# Cg Programming/Unity/Computing Color Histograms

A cat picture.
Color histogram of the cat picture above with the horizontal axis representing RGB values and the vertical axis representing the frequency of these values.

This tutorial shows how to compute a color histogram of an image with the help of compute shaders in Unity. In particular, it shows how to use an atomic function such that multiple threads (i.e., multiple calls to a compute shader function) can access the same memory location. It also shows how to use compute buffers. If you are not familiar with compute shaders in Unity, you should read Section “Computing Image Effects” first. Note that compute shaders are not supported on macOS.
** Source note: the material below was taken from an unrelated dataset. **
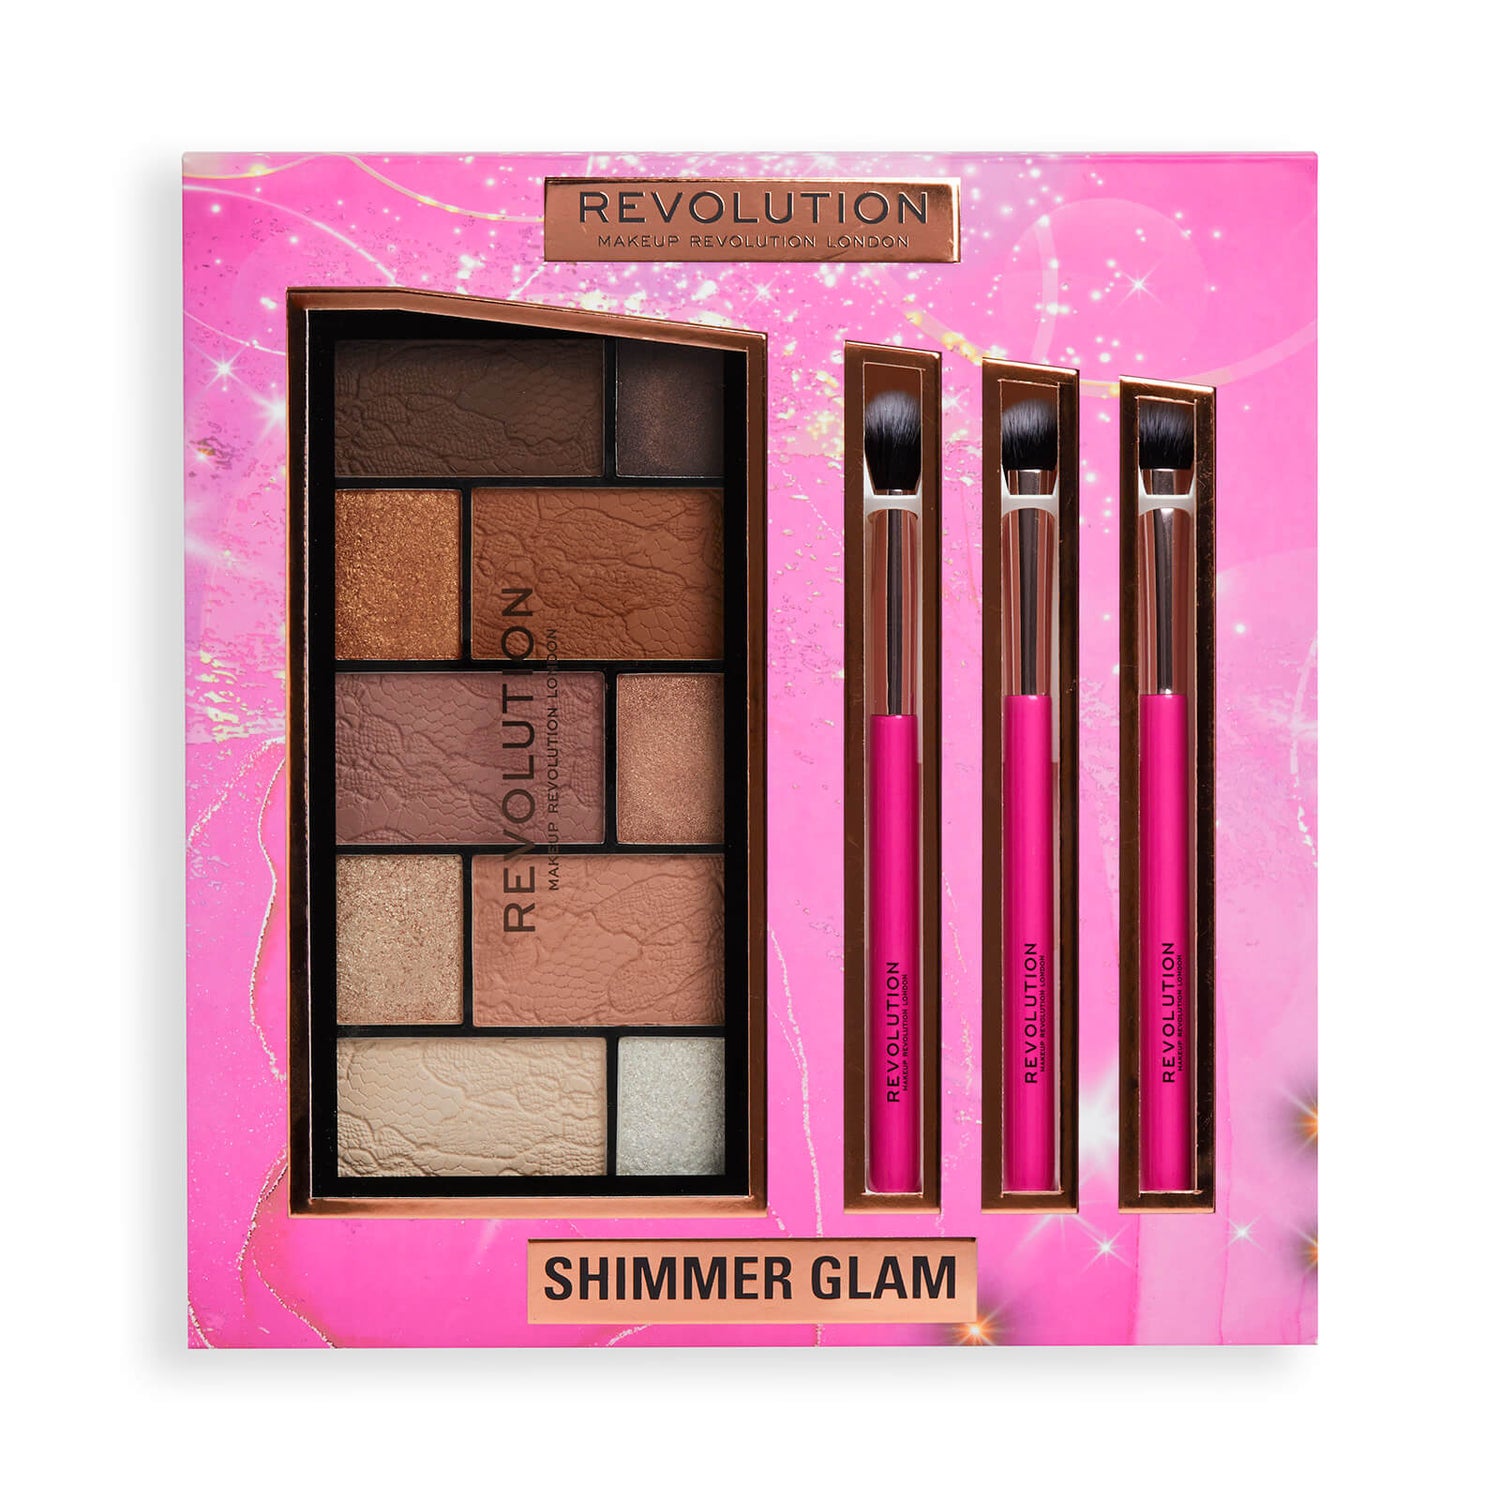 Revolution Shimmer Glam Eye Set Gift Set (Worth $23.00)

## Computing Color Histograms in General

An RGB color histogram of an image is a bar chart that shows for each value of the red, green, and blue channel, how many pixels of the image feature that value. For example, how many pixels have a red value of 0, how many pixels have a green value of 0, etc. For a color resolution of 8 bits, there are 256 possible values (0 to 255) of the red, green, and blue channels; thus, a RGB color histogram specifies 3 × 256 = 768 numbers. If an alpha channel is also included, the RGBA color histogram consists of 4 × 256 = 1024 numbers.

To compute such an RGBA color histogram, a program would first initialize the 1024 numbers of the histogram to 0. Then it looks at each pixel of the image and increment (by 1) the four numbers in the histogram for the specific red, green, blue, and alpha values of the pixel. Since the same operations are performed for each pixel, this problem is easy to parallelize, except that two different threads for two different pixels might try to increment the same number of the histogram at the same time, which can lead to problems that are called race conditions. These problems can be avoided if the operation to increment one of the numbers of the histogram is an atomic operation, i.e., if it cannot be interrupted by other threads. This is what we use in the compute shader of this tutorial.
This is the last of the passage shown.